_Record set_.
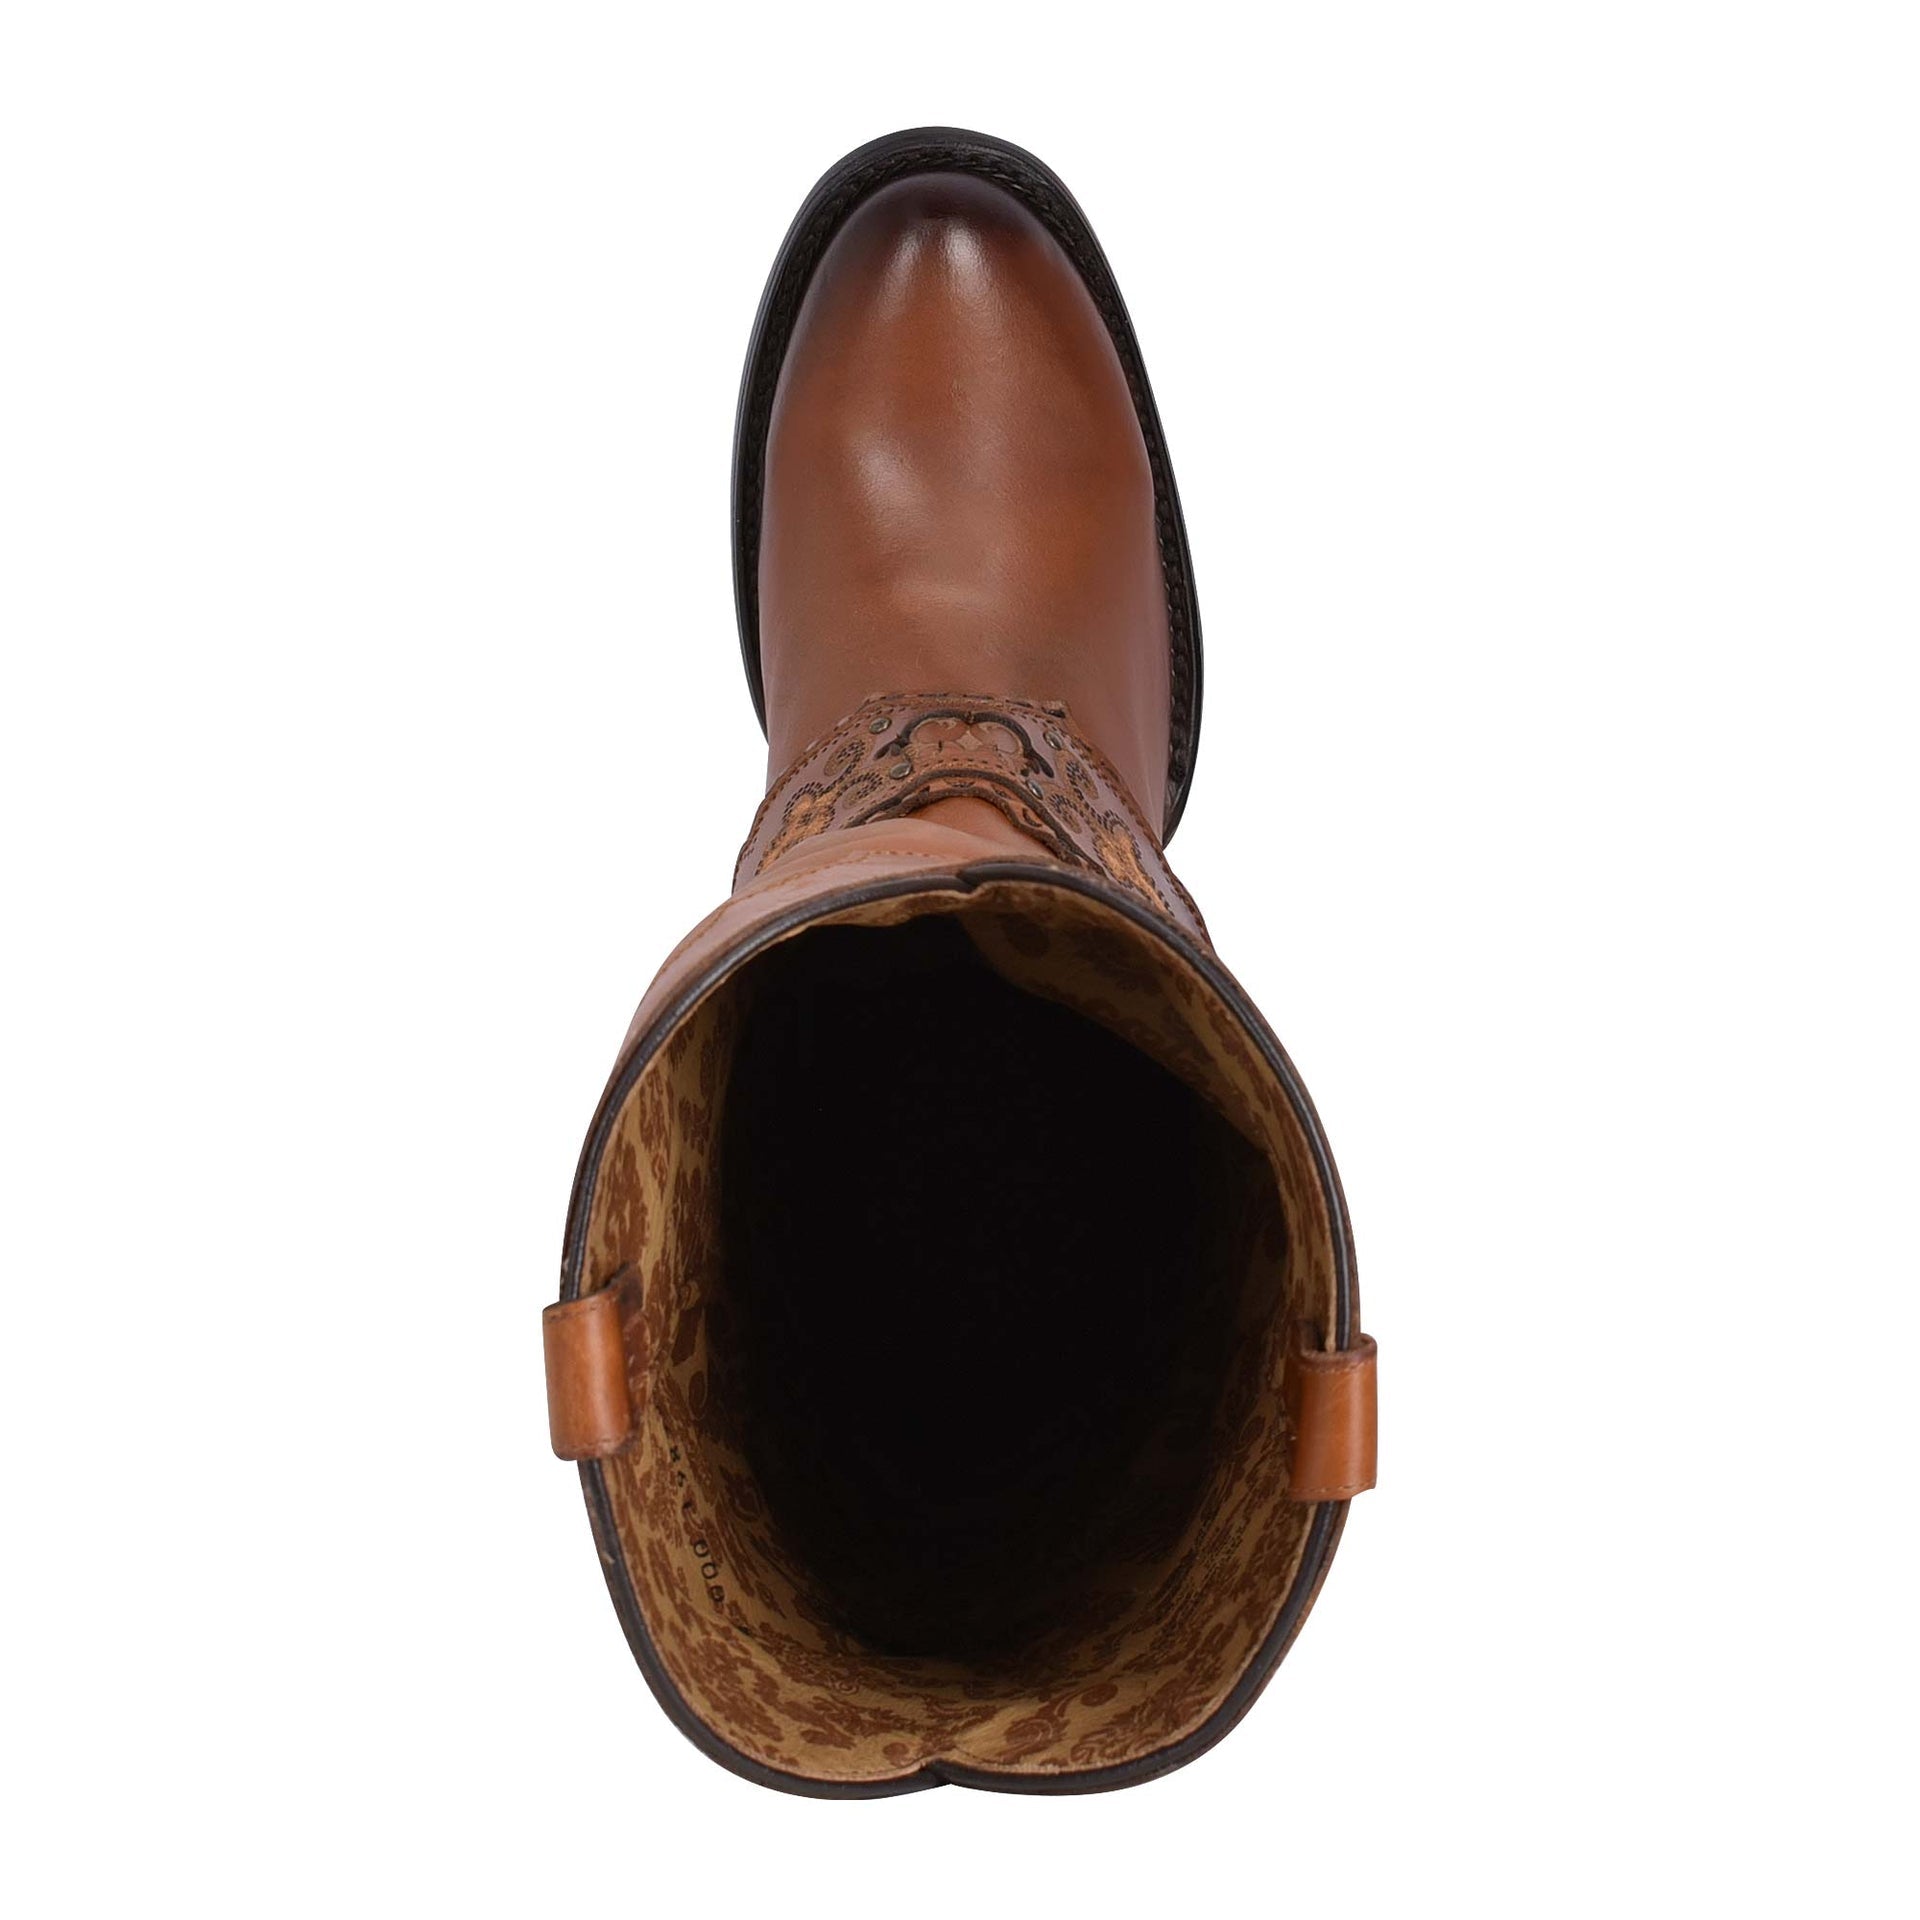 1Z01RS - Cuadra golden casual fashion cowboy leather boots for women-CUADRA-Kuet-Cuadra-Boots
--
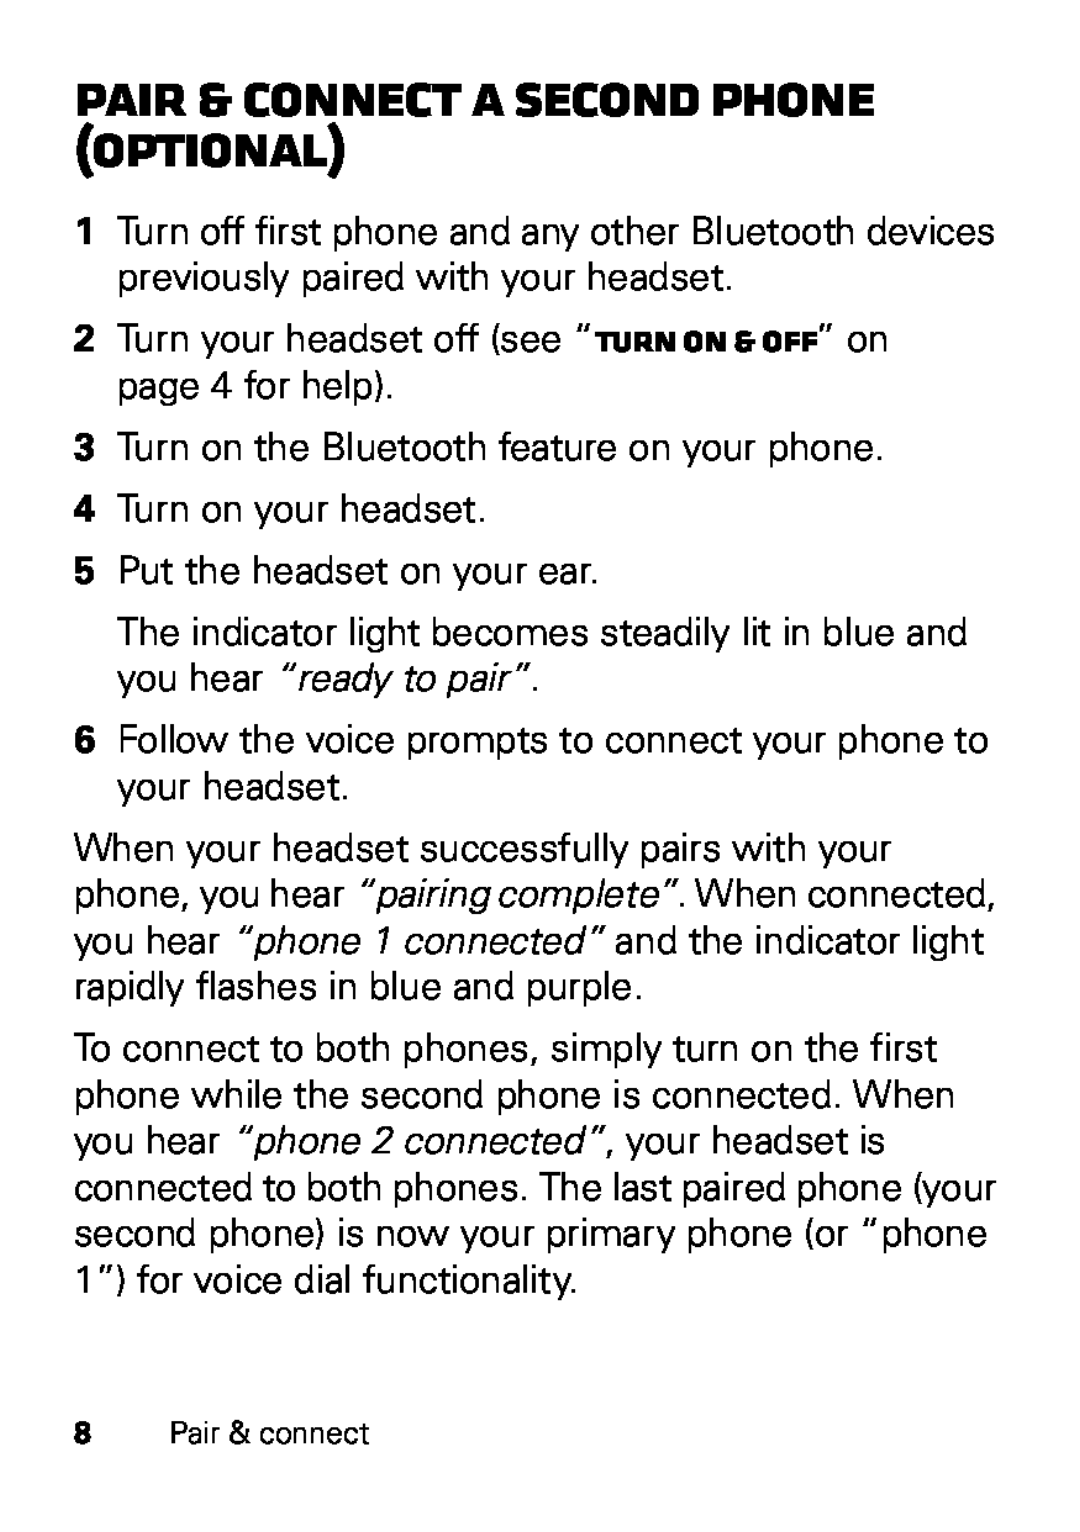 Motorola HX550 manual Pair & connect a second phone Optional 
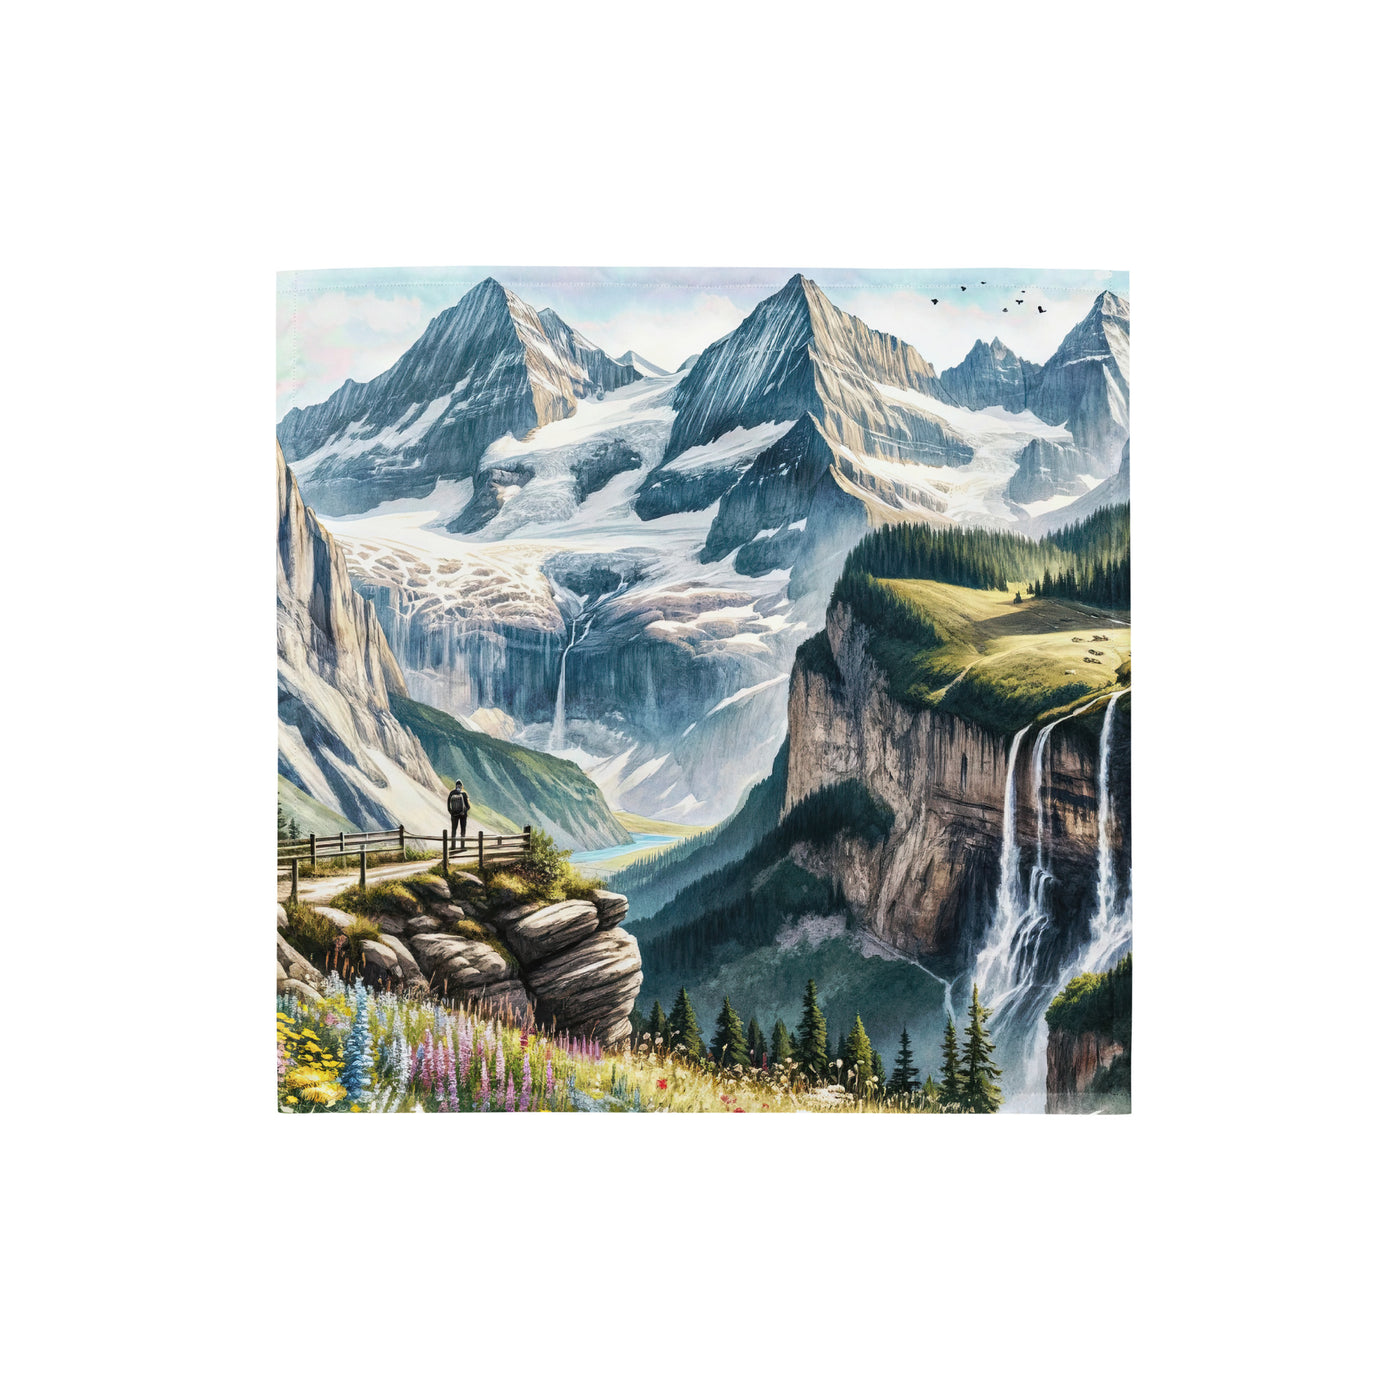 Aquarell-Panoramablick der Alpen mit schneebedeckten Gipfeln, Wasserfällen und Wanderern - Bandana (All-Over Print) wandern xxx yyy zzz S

_Task objective_.
Your copy should hold only the lines above from the one containing "Motorola HX550 manual" through the one containing "Aquarell-Panoramablick der Alpen", exactly as written and free of pictures.

_Task output_.
 Motorola HX550 manual Pair & connect a second phone Optional 
 Aquarell-Panoramablick der Alpen mit schneebedeckten Gipfeln, Wasserfällen und Wanderern - Bandana (All-Over Print) wandern xxx yyy zzz S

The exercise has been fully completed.